How do you set a DATE variable to use in a log for crontab output?

Question

I was playing aroudn with some variations of date like

DATE = $(date)

but that didnt work either

crontab -e

CRONLOG=/tmp/log/crontab.log
DATEVAR=`date +20\%y\%m\%d_\%H\%M\%S`
* * * * * echo $DATEVAR >> /tmp/log/crontab.log
*/2 * * * * echo "$DATEVAR hello" >> ${CRONLOG}
*/1 * * * * echo 'every minute' >> ${CRONLOG}

this just outputs the text as is...

I want to create a log entry in crontab.log with a timestamp on each update

How can I do this on CentOS 6?

UPDATE

DATEVAR=date +20%y%m%d_%H%M%S
*/1 * * * * /bin/echo [CRON] $($(DATEVAR)) >> /tmp/log/crontab.log

rendered only [CRON] and NOTHING when I tried it =/

Answer 1

Cron is not a shell - it does not parse commands in the same way that a shell does. As such, your variable is assigned as if it was static text.

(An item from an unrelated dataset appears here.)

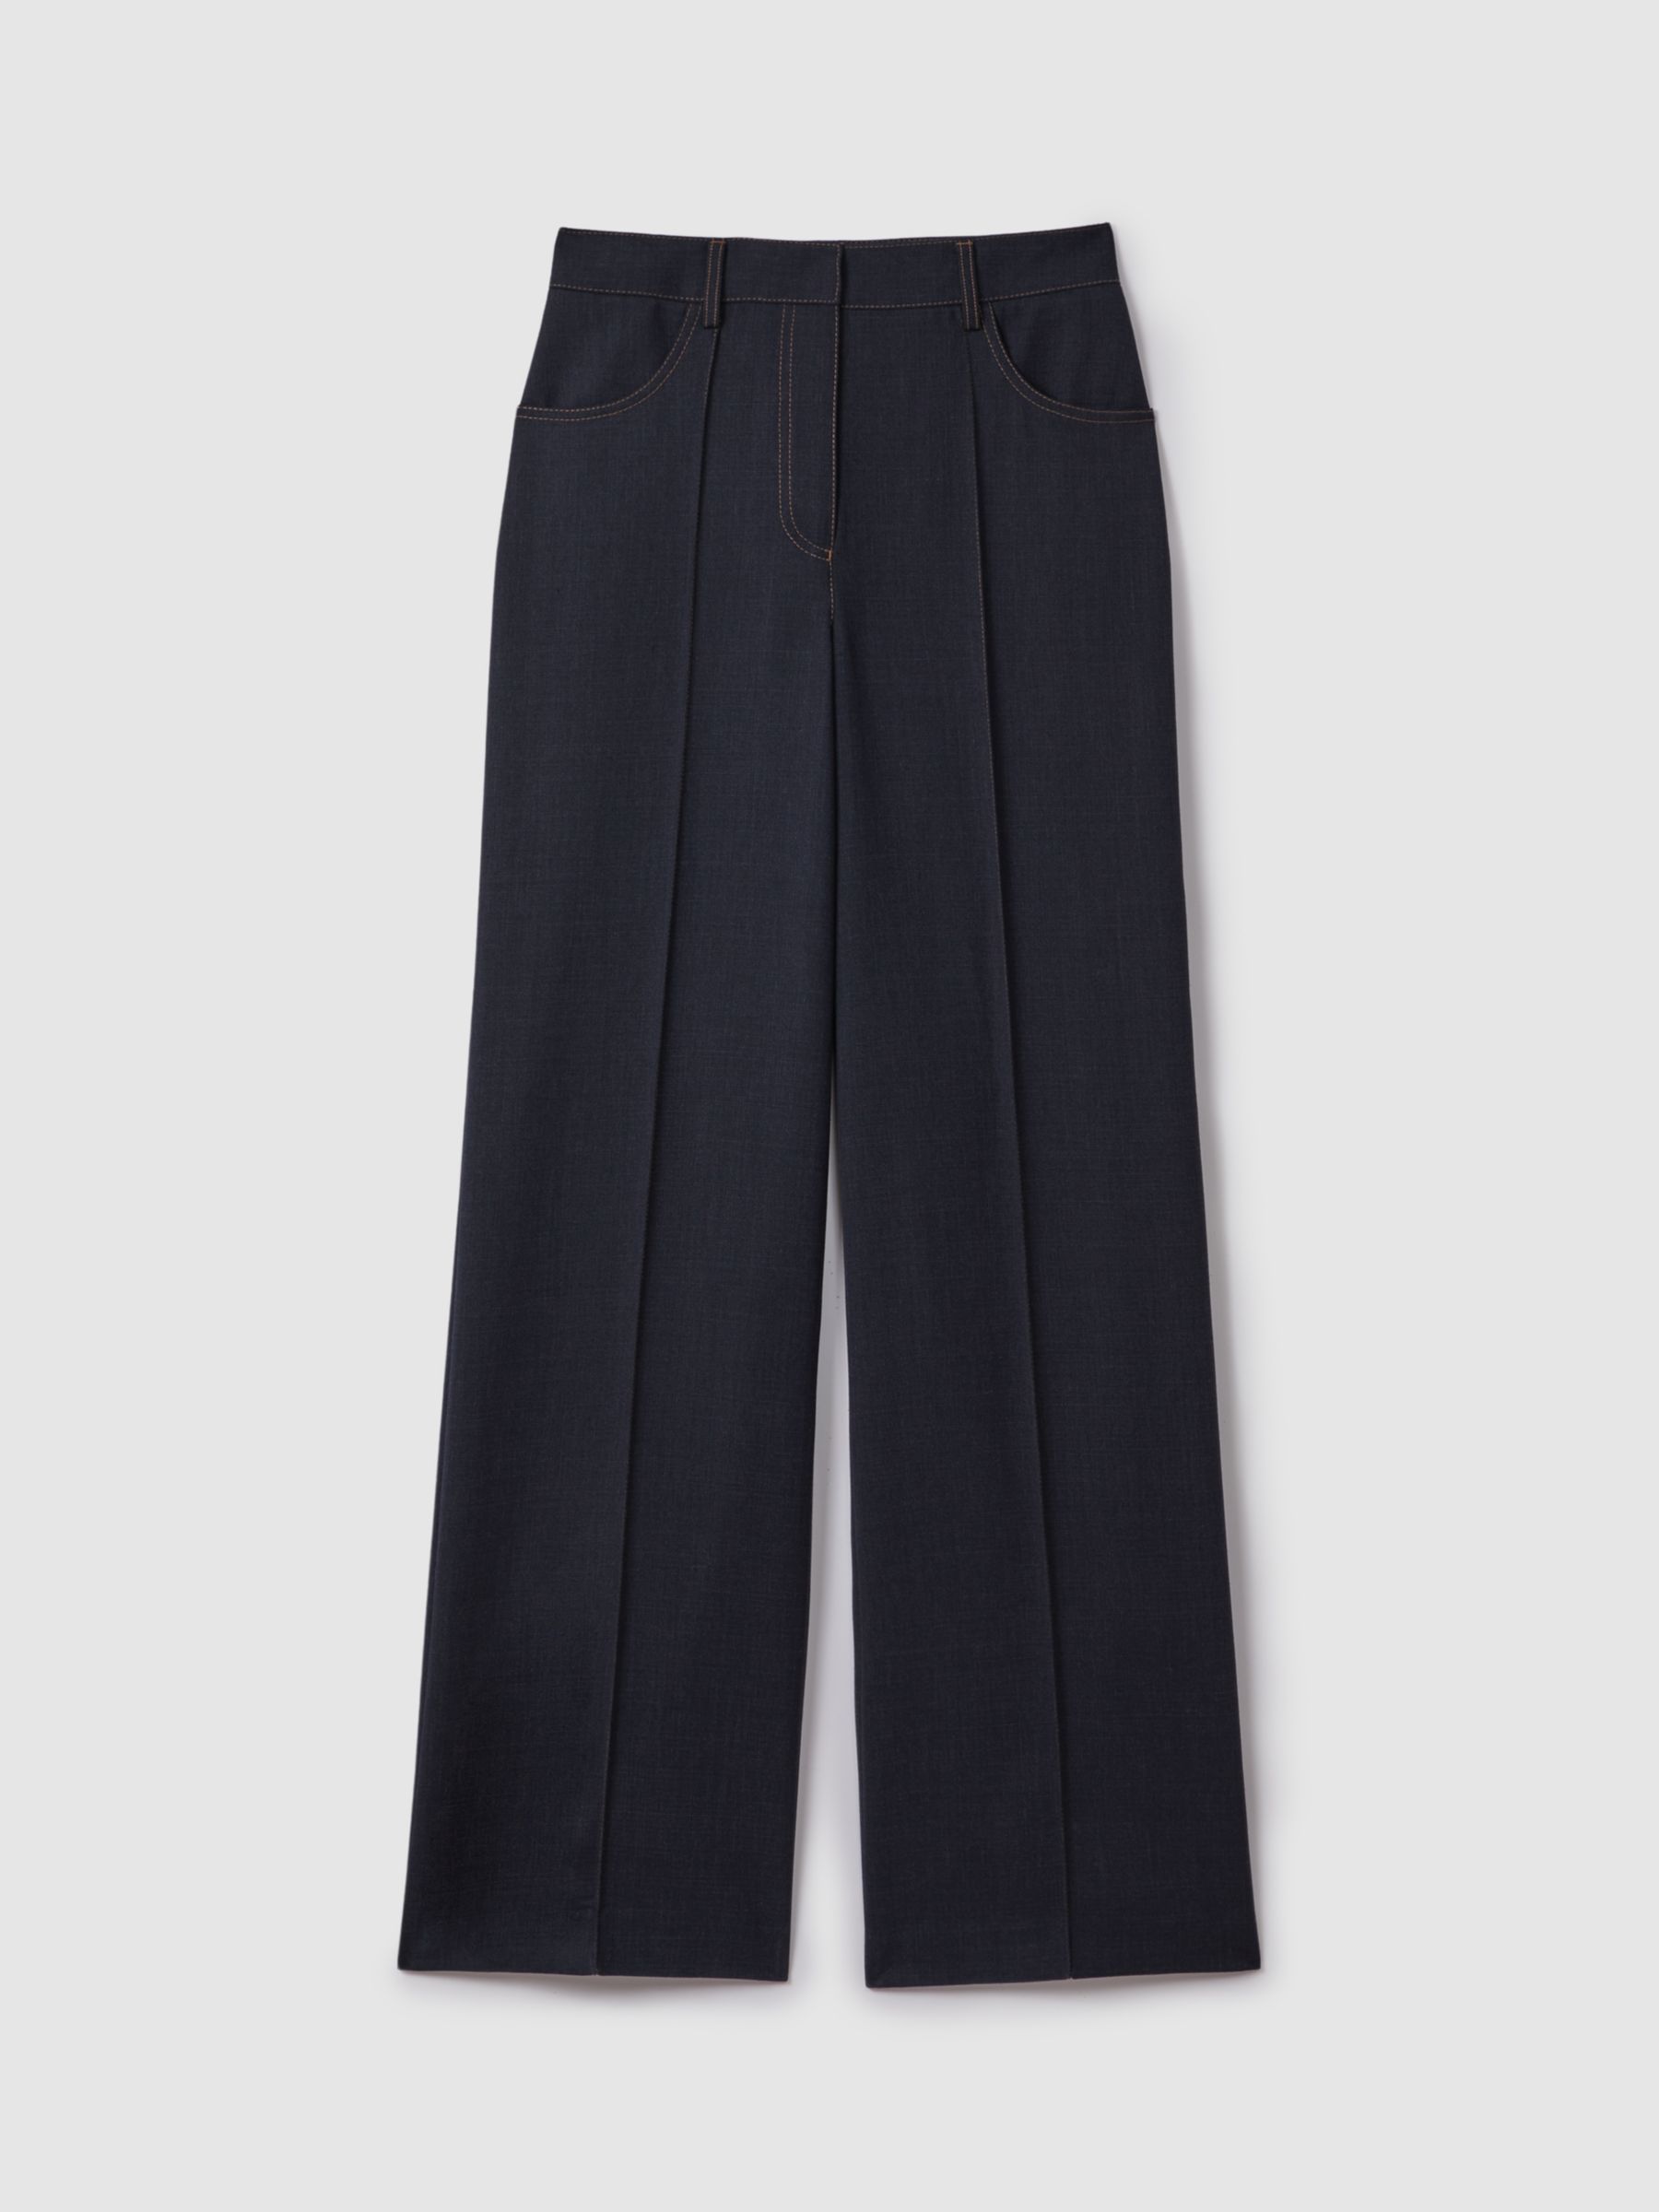 Buy Reiss Raven Wool Blend Denim Look Tailored Trousers, Navy Online at johnlewis.com

There are three solutions I know of to this problem:

Option 1: Use a shell script to generate your command, include whatever variables and logic you want - and call that shell script from cron.

* * * * * /path/to/myscript.sh

myscript.sh:

DATEVAR=`date +20\%y\%m\%d_\%H\%M\%S`
echo $DATEVAR >> /tmp/crontab.log

Option 2: Include the date command directly in your command, and, since the entire command is passed to the shell, the date will be processed and replaced with an actual date.

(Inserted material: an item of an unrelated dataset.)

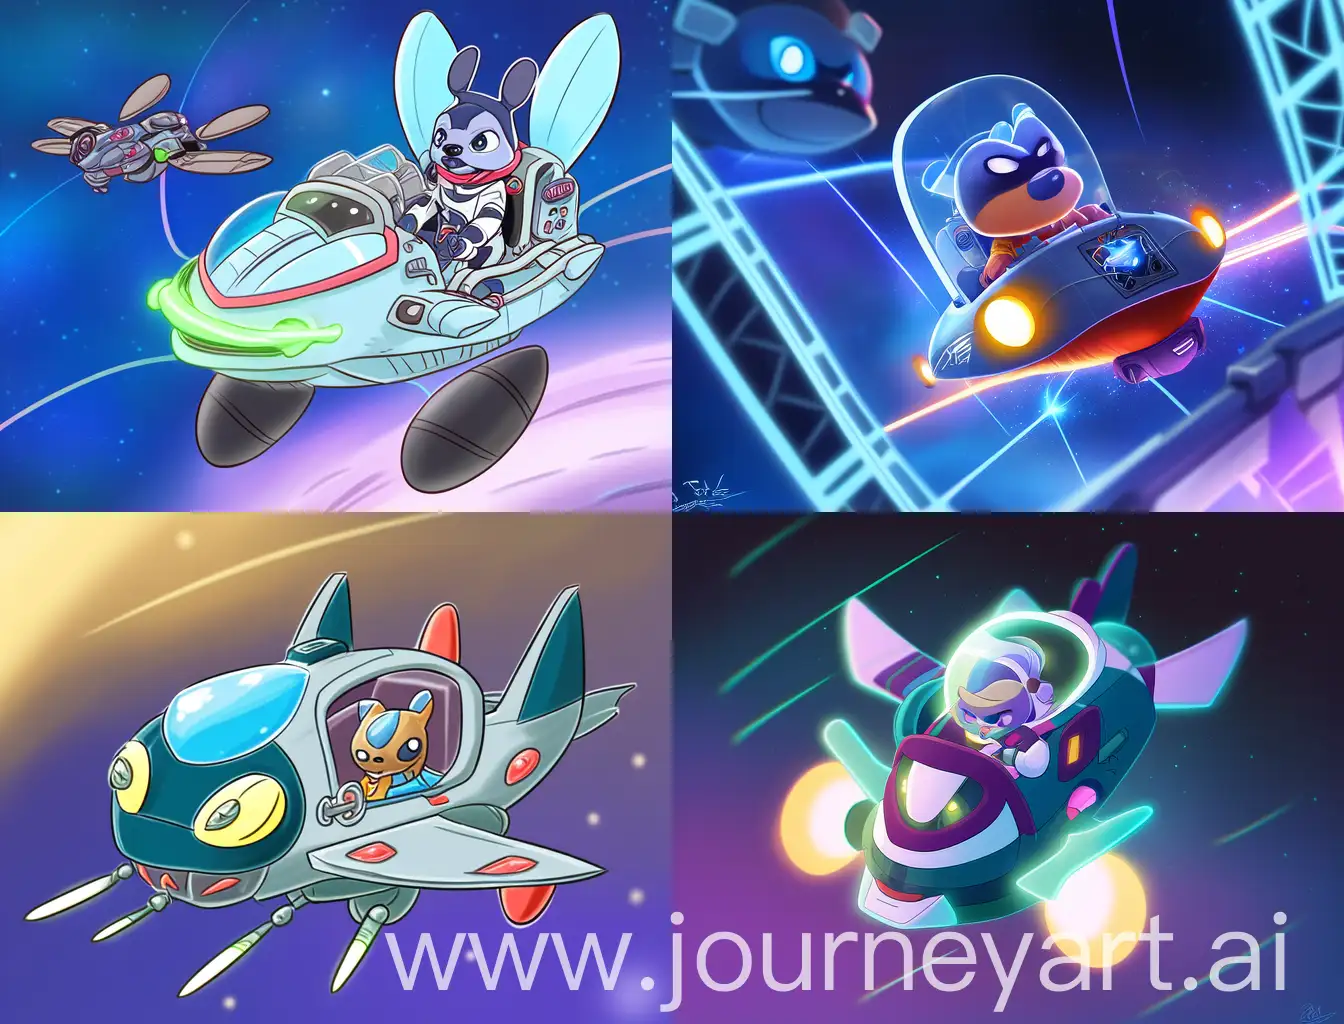 Stitch-Piloting-a-Disney-Cartoon-Style-Spaceship

* * * * * /bin/echo `date +20\%y\%m\%d_\%H\%M\%S` >> /tmp/crontab.log

Option 3: Set the string variable in cron, and pass that to your command to be processed (note - the percent signs do not need to be escaped, and the variable itself is wrapped in $() to execute it in a separate shell - backticks should work the same):

DATEVAR=date +20%y%m%d_%H%M%S
* * * * * /bin/echo $($DATEVAR) >> /tmp/crontab.log

(In all the cases above, you can, of course, use a variable for the log path, instead of 'hard coding' it.)